I grew up on elk and mule deer. Dad would usually get one elk and two deer every year in the 50s and 60s. In fact, when we did have beef, it tasted greasy.

Elk is better than mule deer, but like others have said, it's marginal. That said, the best big game I ever had was a pronghorn I shot in the head at 300 yards. He never knew what hit him and we had him dressed, skinned and washed out with cold water within the hour.

Dad shot a six point bull elk in 1971 that weighed an honest 1000 pounds. It was all my brother and I could do to drag one front quarter over the snow, and we were both in our early twenties at the time. That meat was so tough we ended up grinding the whole thing into hamburger. Even the hamburger was like chewing a mouthful of rubber balls. OTOH, I shot a two year old dry cow a few years later, and the meat was like veal.
 
OTOH, I shot a two year old dry cow a few years later, and the meat was like veal.

Those are the elk that I try and shoot every year if I have a cow tag. I've had some bulls that were simply rank..
 
A big old trophy bull may indeed be gamey--especially close to the rut. Never had a bad elk, but I have never eaten a 'trophy'.

Antelope can smell pretty awful when you dress them out but wow do they taste good.

Deer are browsers more so than elk and pronghorn (that eat primamrily grass) they can be 'flavored' by their environment.
 
Well actually there are three species of elk in North America, Rocky Mountain Elk, Tule Elk and the Roosevelt Elk.
Fair enough, but the fact remains that there used to be another one that was hunted to extinction because of a preference for the meat.
 
I guess to be really fair about this youd have to compare year old does from each that were exposed to the best feed.
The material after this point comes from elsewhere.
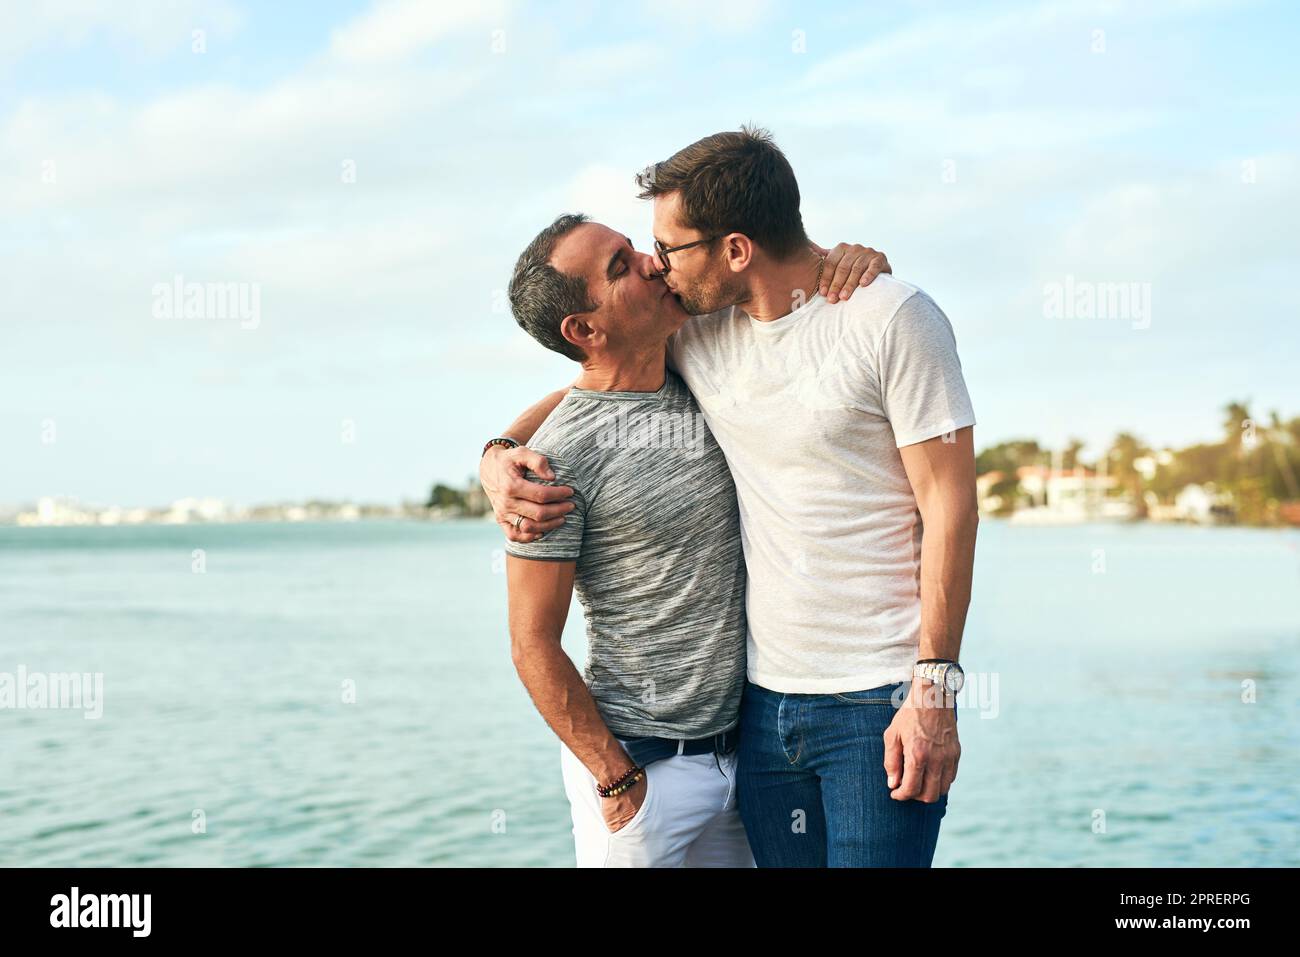 Les baisers sur la plage sont ce qu'ils vivent. Un couple affectueux et mature qui passe la journée au bord de la plage. Banque D'Images

Problem is that doesnt happen. Its probably why i can take or leave elk. All the elk ive ate has been from trophy bulls. Now if i had to compare the meat from trophy bulls id take caribou hands down over any of it.
 
Where I hunt, the whitetail is terrific. They live off of corn, soybeans and berries for the most part as it is agricultural land with lowland woods. The mule deer I've tasted for further west of us was not near as good, but they lived off of grass. Other Mule deer I've had was almost as good as the whitetail I hunt, but it was taken by a friend in Colorado just outside of town and had lived off of neighborhood gardens.
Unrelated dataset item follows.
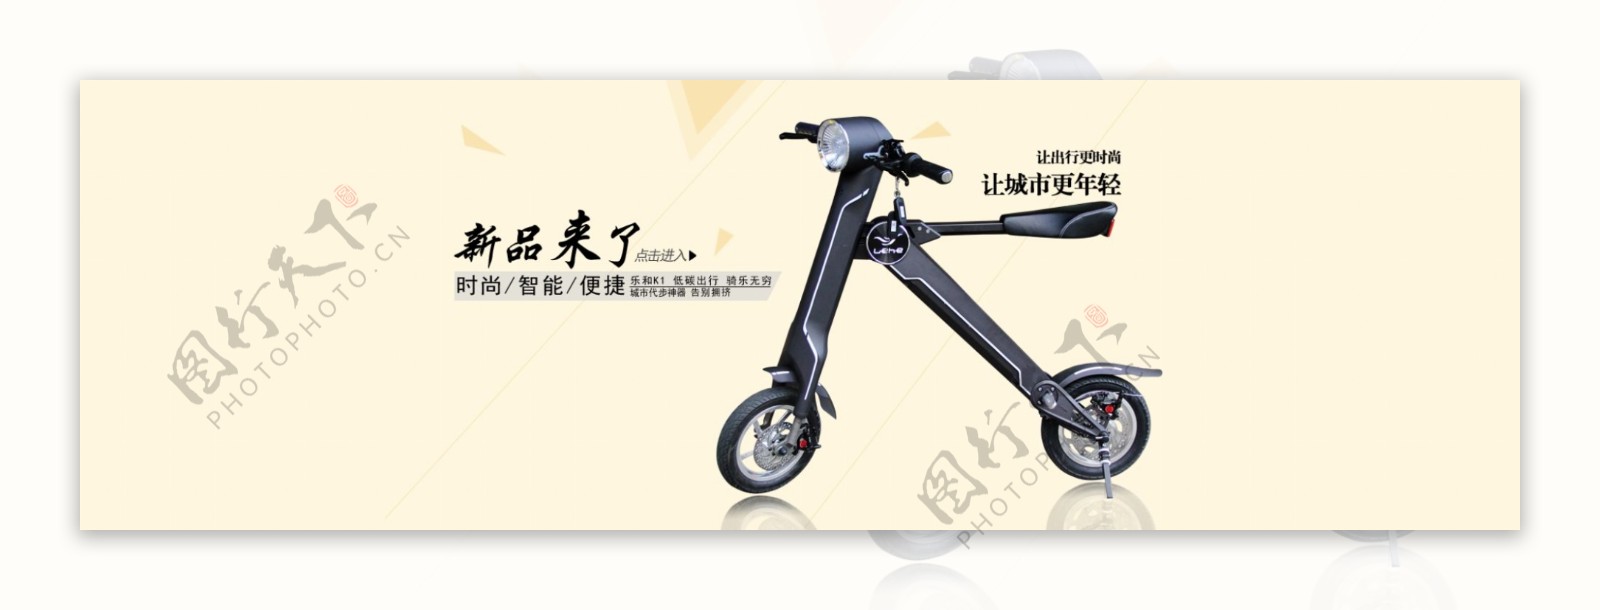 折叠电动车滑板车全屏海报设计

It really does depend on what they eat.

As for elk, I've only had commercially raised elk, and it was incredibly good.
 
I've had lots of all three and they tend to vary for some reason, diet perhaps.
How they are shot and cared for matters also as already stated.
That said a young (cow or spike) elk or a cropland whitetail are hard to beat, but my all time favorite was a smaller 4 point bottomland muley buck shot just before rut. It was just fantastic.